AVX scalar operations are much faster

Question

I test the following simple function

void mul(double *a, double *b) {
  for (int i = 0; i<N; i++) a[i] *= b[i];
}

with very large arrays so that it is memory bandwidth bound. The test code I use is below. When I compile with -O2 it takes 1.7 seconds. When I compile with -O2 -mavx it takes only 1.0 seconds. The non vex-encoded scalar operations are 70% slower! Why is this?

Here is the the assembly for -O2 and -O2 -mavx.

https://godbolt.org/g/w4p60f

System: i7-6700HQ@2.60GHz (Skylake) 32 GB mem, Ubuntu 16.10, GCC 6.3

Test code

//gcc -O2 -fopenmp test.c
//or
//gcc -O2 -mavx -fopenmp test.c
#include <string.h>
#include <stdio.h>
#include <x86intrin.h>
#include <omp.h>

#define N 1000000
#define R 1000

void mul(double *a, double *b) {
  for (int i = 0; i<N; i++) a[i] *= b[i];
}

int main() {
  double *a = (double*)_mm_malloc(sizeof *a * N, 32);
  double *b = (double*)_mm_malloc(sizeof *b * N, 32);

  //b must be initialized to get the correct bandwidth!!!
  memset(a, 1, sizeof *a * N);
  memset(b, 1, sizeof *b * N);

  double dtime;
  const double mem = 3*sizeof(double)*N*R/1024/1024/1024;
  const double maxbw = 34.1;
  dtime = -omp_get_wtime();
  for(int i=0; i<R; i++) mul(a,b);
  dtime += omp_get_wtime();
  printf("time %.2f s, %.1f GB/s, efficency %.1f%%\n", dtime, mem/dtime, 100*mem/dtime/maxbw);

  _mm_free(a), _mm_free(b);
}

FWIW I get around 0.8s for both on a lowly 2.6 GHz mobile Haswell CPU, compiling with clang. — Paul R, Apr 06 '17 at 13:51
@PaulR, thanks for checking. I can test it later on my Haswell system.
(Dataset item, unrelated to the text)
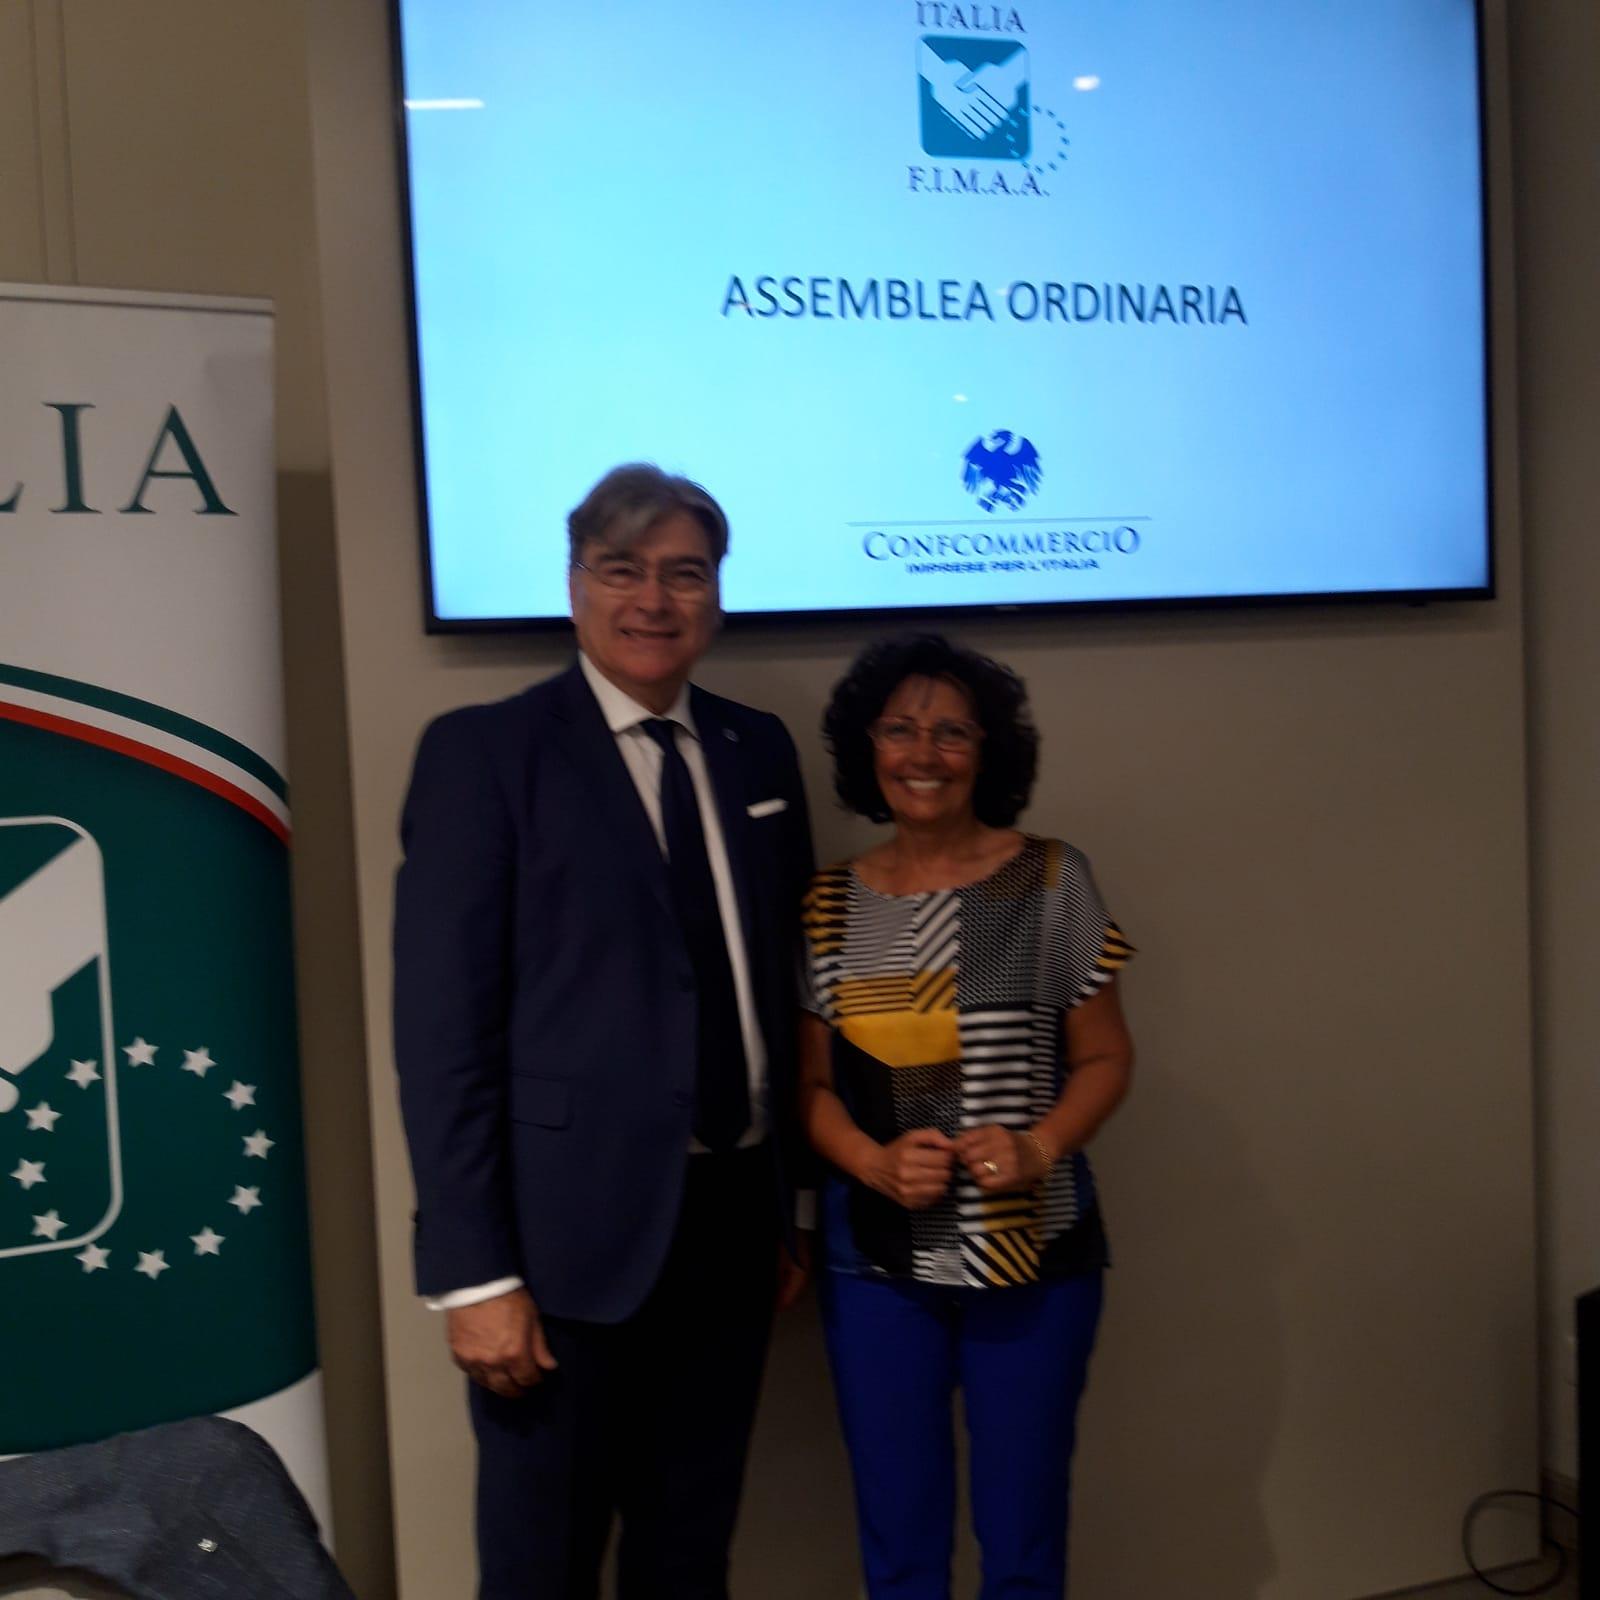 Dina D'Onofrio confermata al vertice della FIMAA Molise.
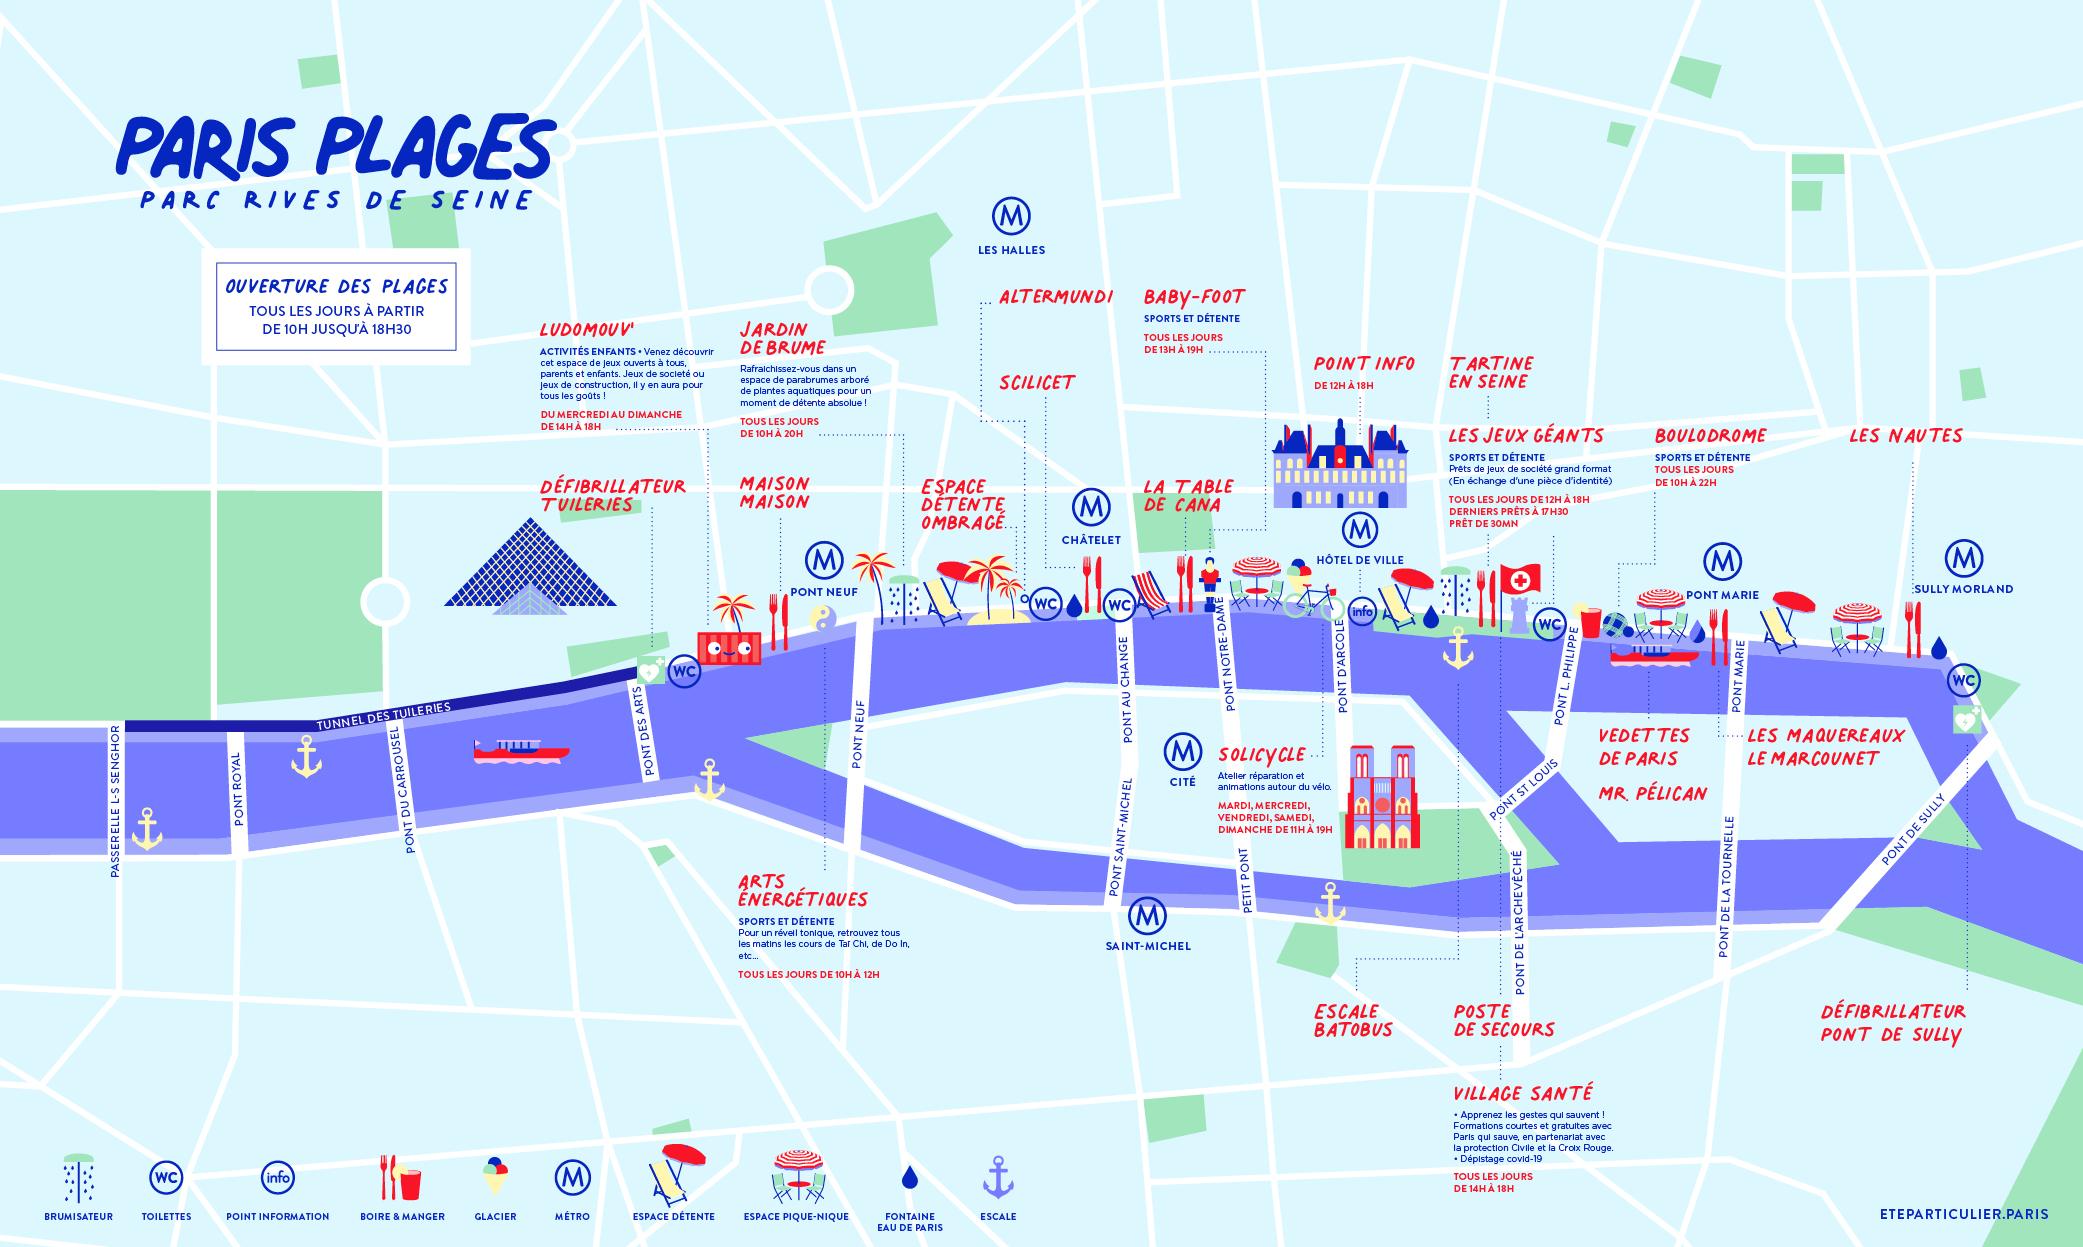 Paris Plages rives de Seine

I am getting strange results on my Skylake system that I don't get on Haswell so I would not be surprised. — Z boson, Apr 06 '17 at 14:00
@PaulR, I just figured it out! `__asm__ __volatile__ ( "vzeroupper" : : : );` right after the calls to `omp_get_wtime()` fixes it. — Z boson, Apr 06 '17 at 14:01
I must be seeing this issue http://stackoverflow.com/a/42328369/2542702. I though I did not have this problem with Ubuntu 16.10 but apparently I do. — Z boson, Apr 06 '17 at 14:02
Aha - I wasn't using OMP for timing. My times are actually now more like 0.75 s (I was including the memory alloc/init/free before). — Paul R, Apr 06 '17 at 14:02
Apparently not only glibc 2.23 sometimes returns a dirty upper state, but also the OpenMP lib. I wouldn't be surprised if there exists other libraries which return without a proper `vzeroupper` as well. Just insert a `vzeroupper` after each library call, if you want te be 100% sure to avoid this problem on Skylake with non-VEX encoded SSE code. — wim, Apr 06 '17 at 14:40
With the Intel compiler you can try `#ifndef __AVX__ ` (newline) `if (_may_i_use_cpu_feature (_FEATURE_AVX)) __asm__ __volatile__ ( "vzeroupper" : : : );` (newline) `#endif` (untested). Maybe it works?? This only inserts a `vzeroupper` if the source was compiled without AVX, but only executes a `vzeroupper` if the system supports it. — wim, Apr 06 '17 at 15:39
A dirty upper state will certainly explain this on Skylake and not Haswell. On Haswell, you pay the large penalty once to enter the split state - then you can run at full speed. On Skylake you pay little transition penalty, but you're stuck with false dependencies for the entire benchmark. — Mysticial, Apr 06 '17 at 15:41
@wim, my guess is that `omp_get_wtime()` calls `gettimeofdate` or some other glibc function. I think the problem is the first time it is called it uses a CPU dispatcher and this leaves it dirty. I only need to use `vzeroupper` after the first call to `omp_get_wtime()` to fix the problem. Somebody else found the problem in`_dl_runtime_resolve_avx()`. That looks like some kind of dispatcher to me. A can step through gdb (if I can figure out how to use it) to find out. — Z boson, Apr 07 '17 at 07:00
@wim `omp_get_wtime` calls `clock_gettime`. And `clock_gettime` calls `_dl_runtime_resolve_avx`. My guess is this is where the problem is. — Z boson, Apr 07 '17 at 07:18
Great! Good to know that a `vzeroupper` is only needed after the first library call. — wim, Apr 07 '17 at 07:23
Clang does not have the problem with `clock_gettime`. In Clang even gets a higher bandwidth for the scalar operation. — Z boson, Apr 07 '17 at 07:29
Okay, Clang has the same problem as GCC when I use `-O2 -fno-vectorize` — Z boson, Apr 07 '17 at 07:38
@wim, strangely with Clang I have use `__asm__ __volatile__ ( "vzeroupper" : : : );` after every call to `clock_gettime` but not with GCC. With GCC only only have to do it once. — Z boson, Apr 07 '17 at 07:40

score 5 · Answer 1 · edited May 23 '17 at 11:54

The problem is related to a dirty upper half of an AVX register after calling omp_get_wtime(). This is a problem particularly for Skylake processors.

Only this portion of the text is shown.